• [Data provided]:
Segment Open
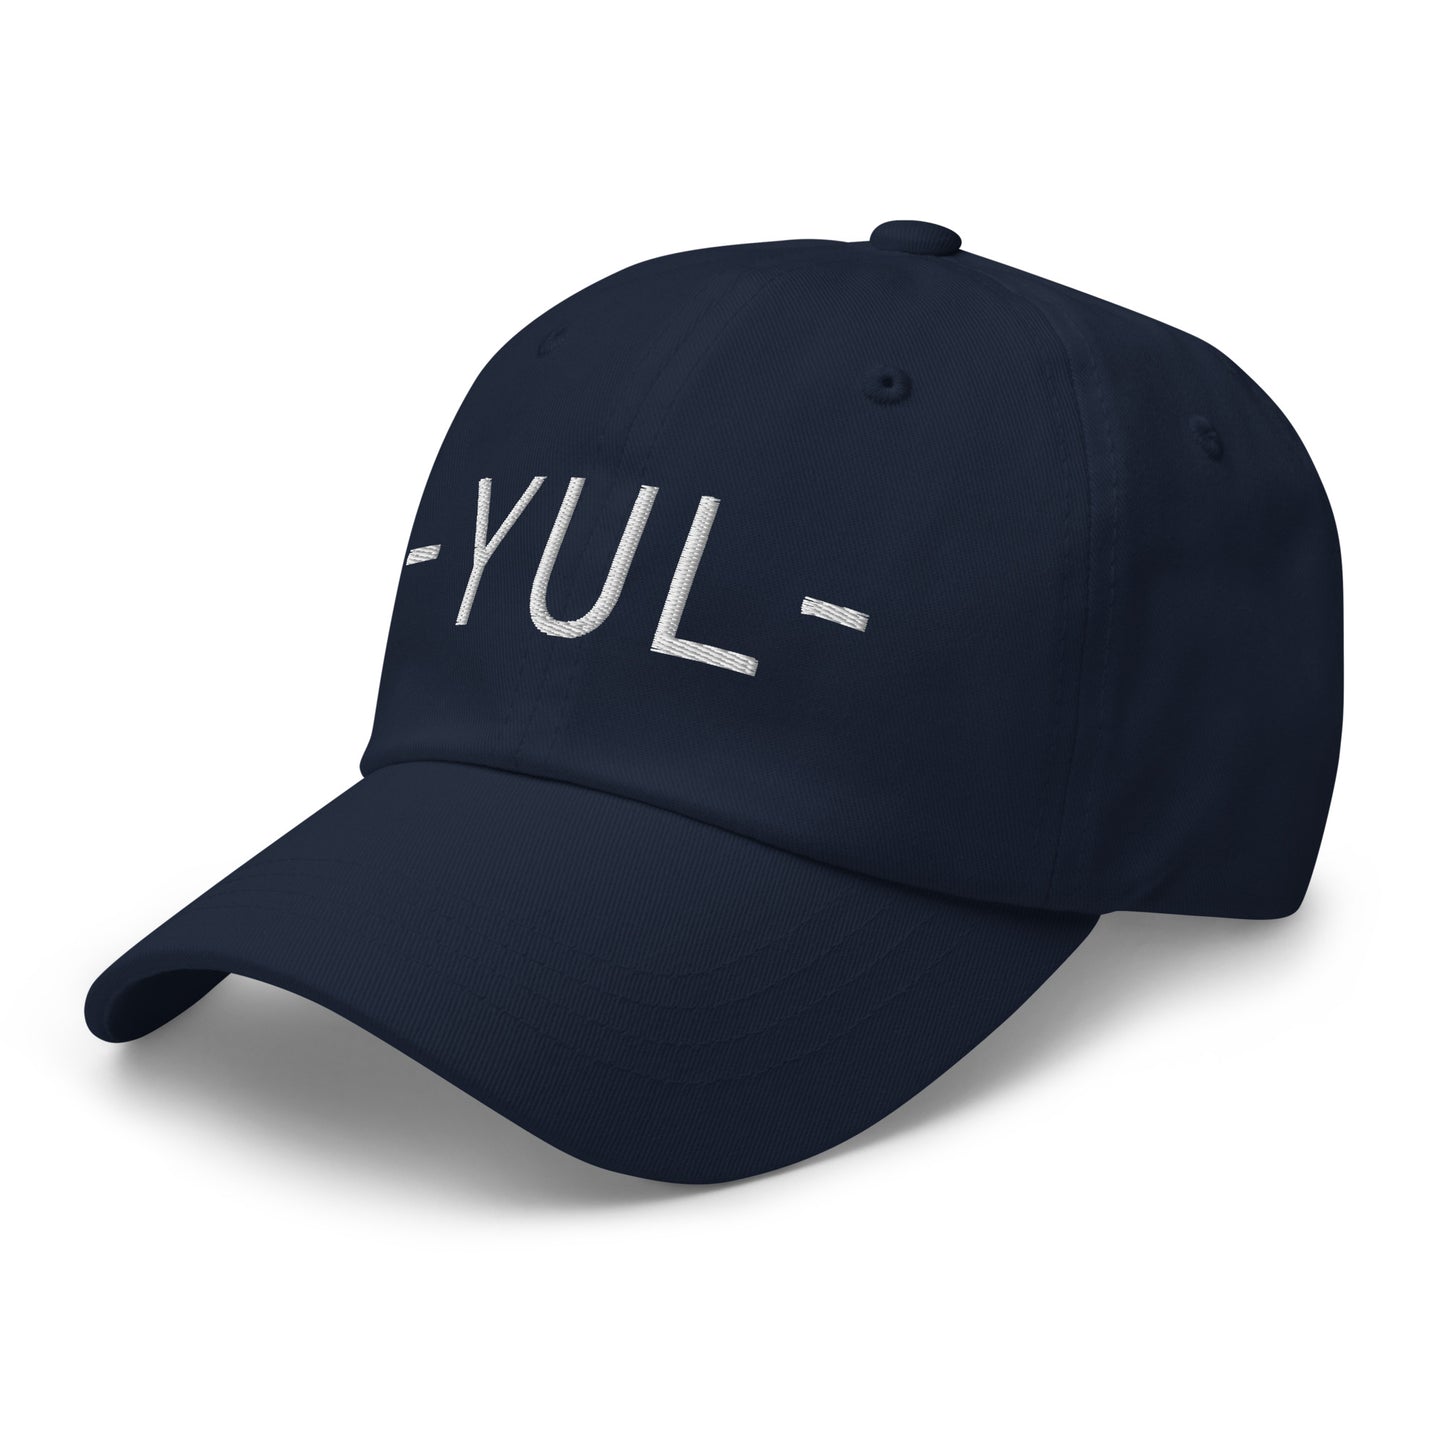 Souvenir Baseball Cap - White • YUL Montreal • YHM Designs - Image 15
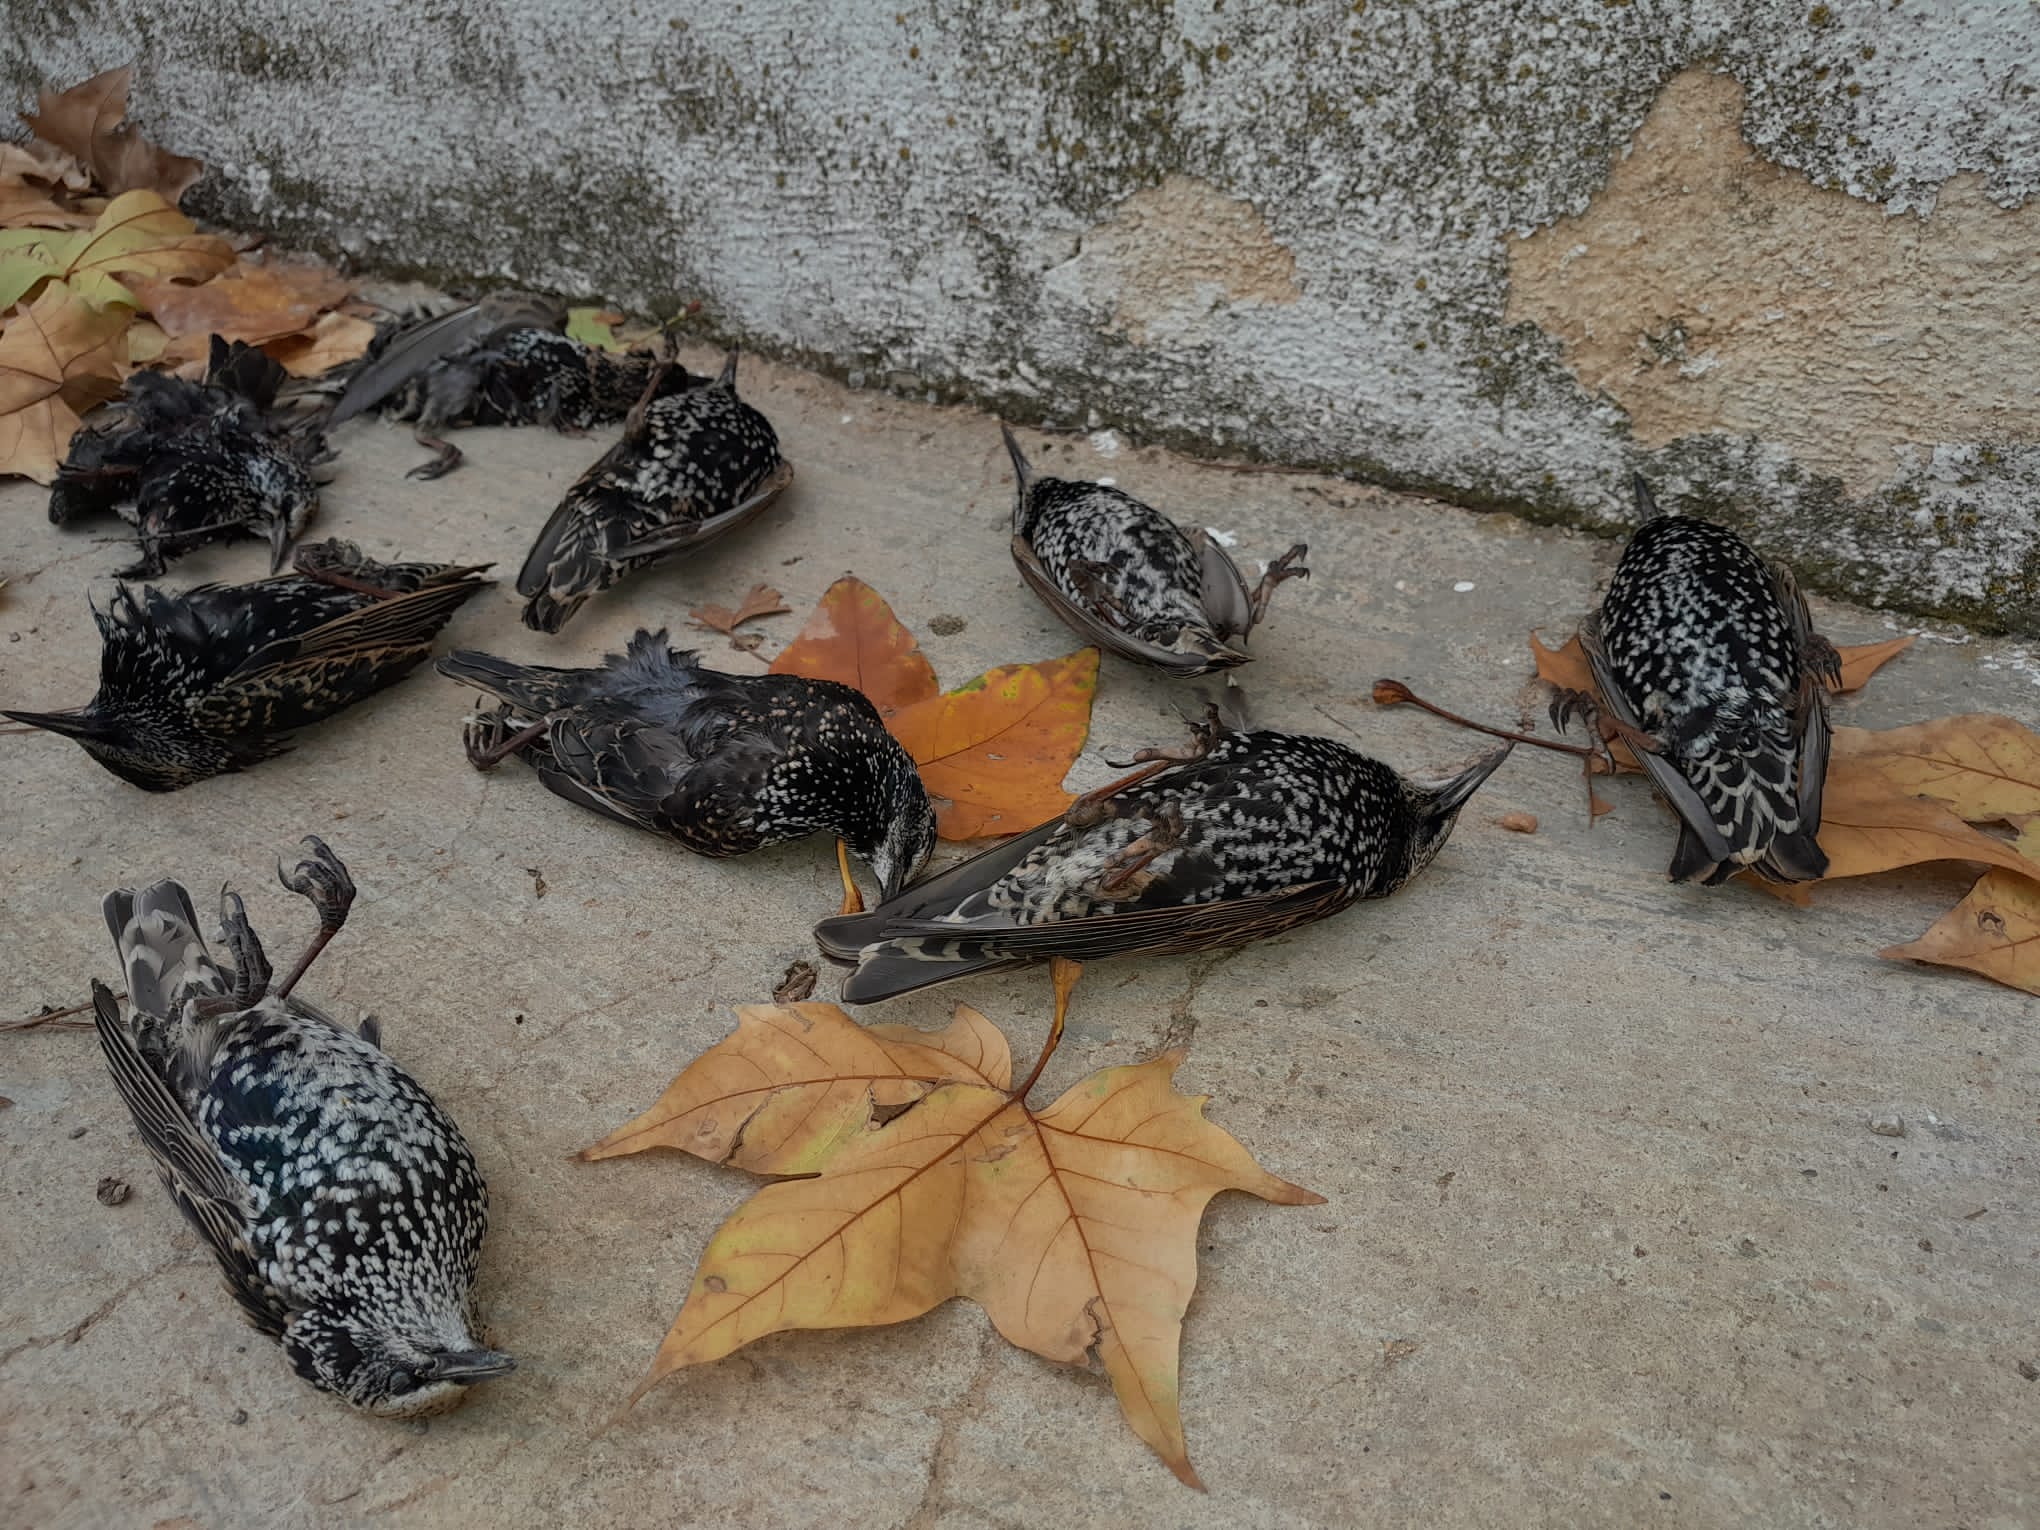 Las aves fueron halladas en Requena, Utiel y San Antonio. Foto: @AAMMRequena Foto: @AAMMRequena
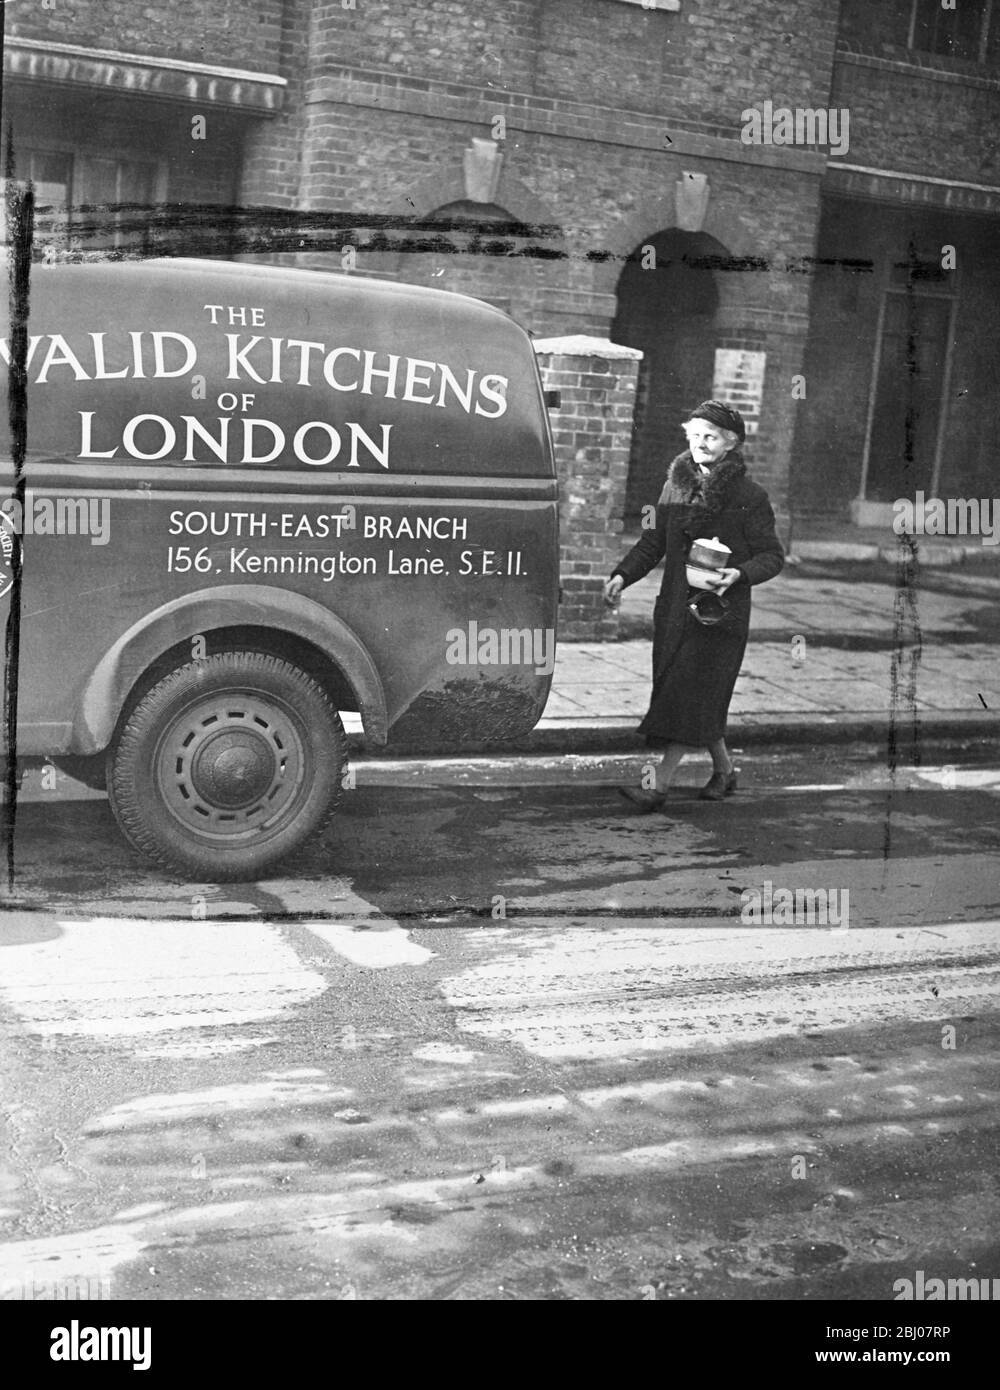 Alimentare l'inferme durante il blitz di ghiaccio. - le cucine invalide di Londra, sono state tenute occupate durante il recente 'congelatore', che consegna cene a persone inferme. Gestito da contributi volontari, le cucine offrono una media di 60 cene al giorno agli invalidi londinesi incapaci di lasciare le loro case. - spettacoli fotografici, signora Ewins al lavoro a Londra, consegna lattine di cibo in una casa di un invalido. - 26 febbraio 1947 Foto Stock
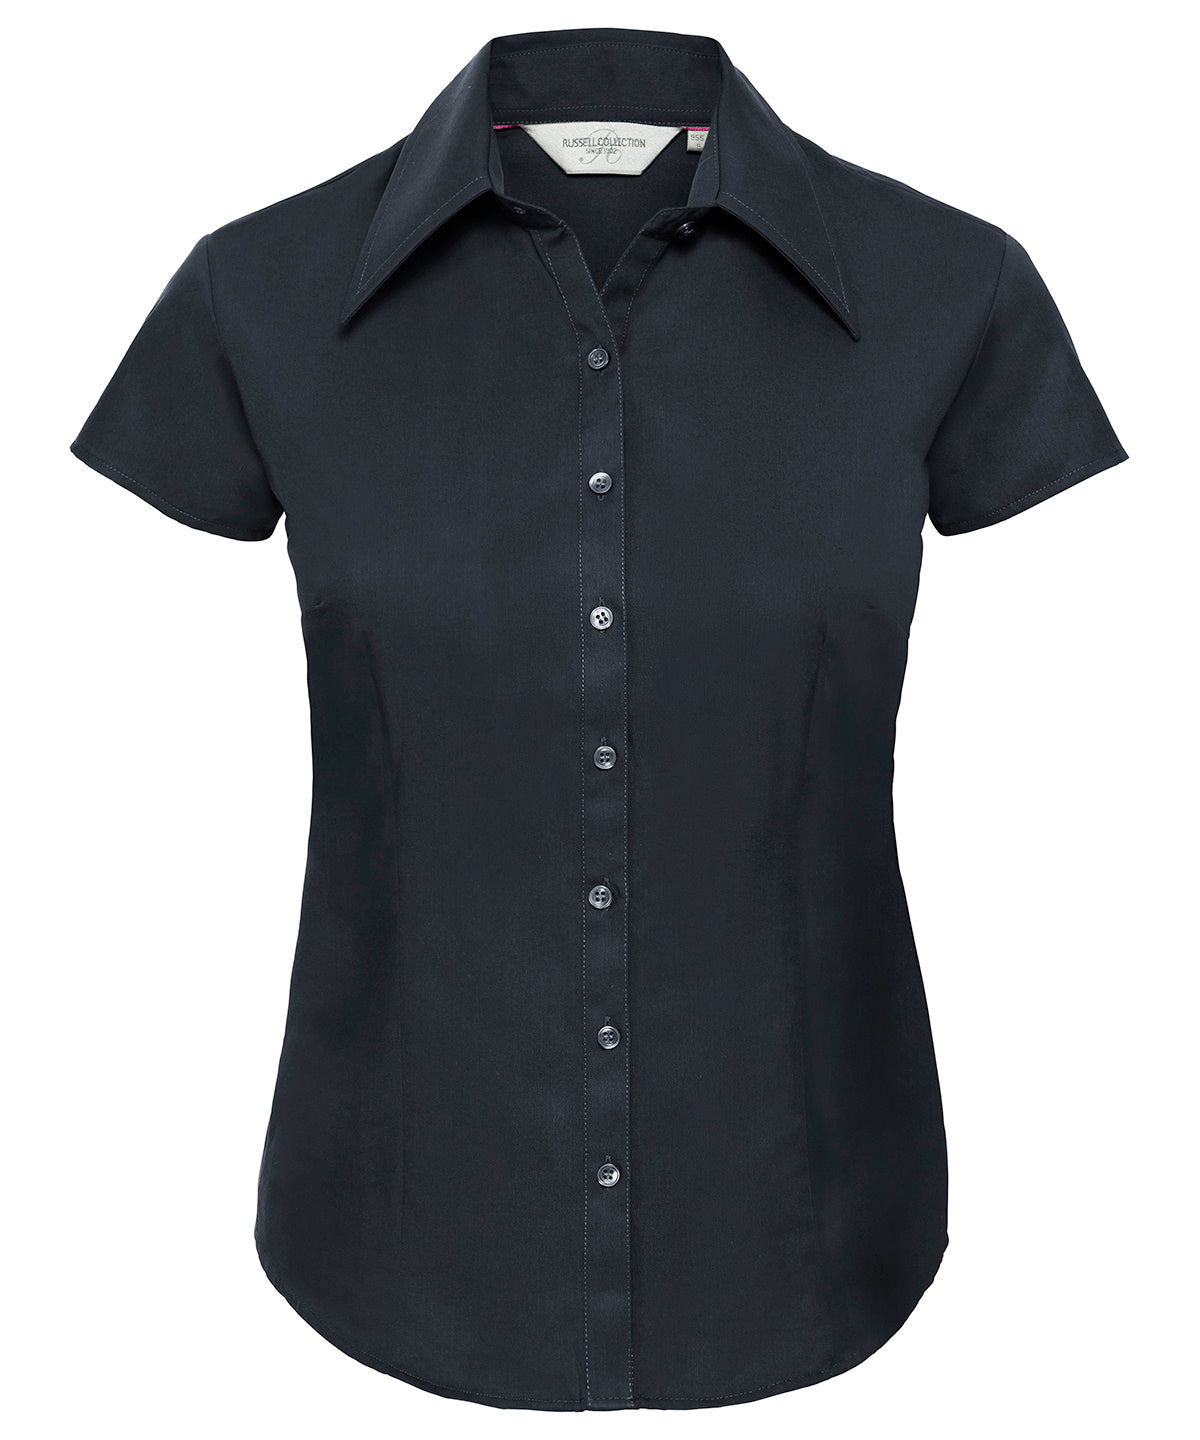 Bolir - Women’s Cap Sleeve Tencel® Fitted Shirt
Segment Closed
• [Exercise requirements]:
When copying the data above, repeat every word exactly and drop the pictures.

• [Problem solution]:
 Souvenir Baseball Cap - White • YUL Montreal • YHM Designs - Image 15
 Las aves fueron halladas en Requena, Utiel y San Antonio. Foto: @AAMMRequena Foto: @AAMMRequena
 Alimentare l'inferme durante il blitz di ghiaccio. - le cucine invalide di Londra, sono state tenute occupate durante il recente 'congelatore', che consegna cene a persone inferme. Gestito da contributi volontari, le cucine offrono una media di 60 cene al giorno agli invalidi londinesi incapaci di lasciare le loro case. - spettacoli fotografici, signora Ewins al lavoro a Londra, consegna lattine di cibo in una casa di un invalido. - 26 febbraio 1947 Foto Stock
 Bolir - Women’s Cap Sleeve Tencel® Fitted Shirt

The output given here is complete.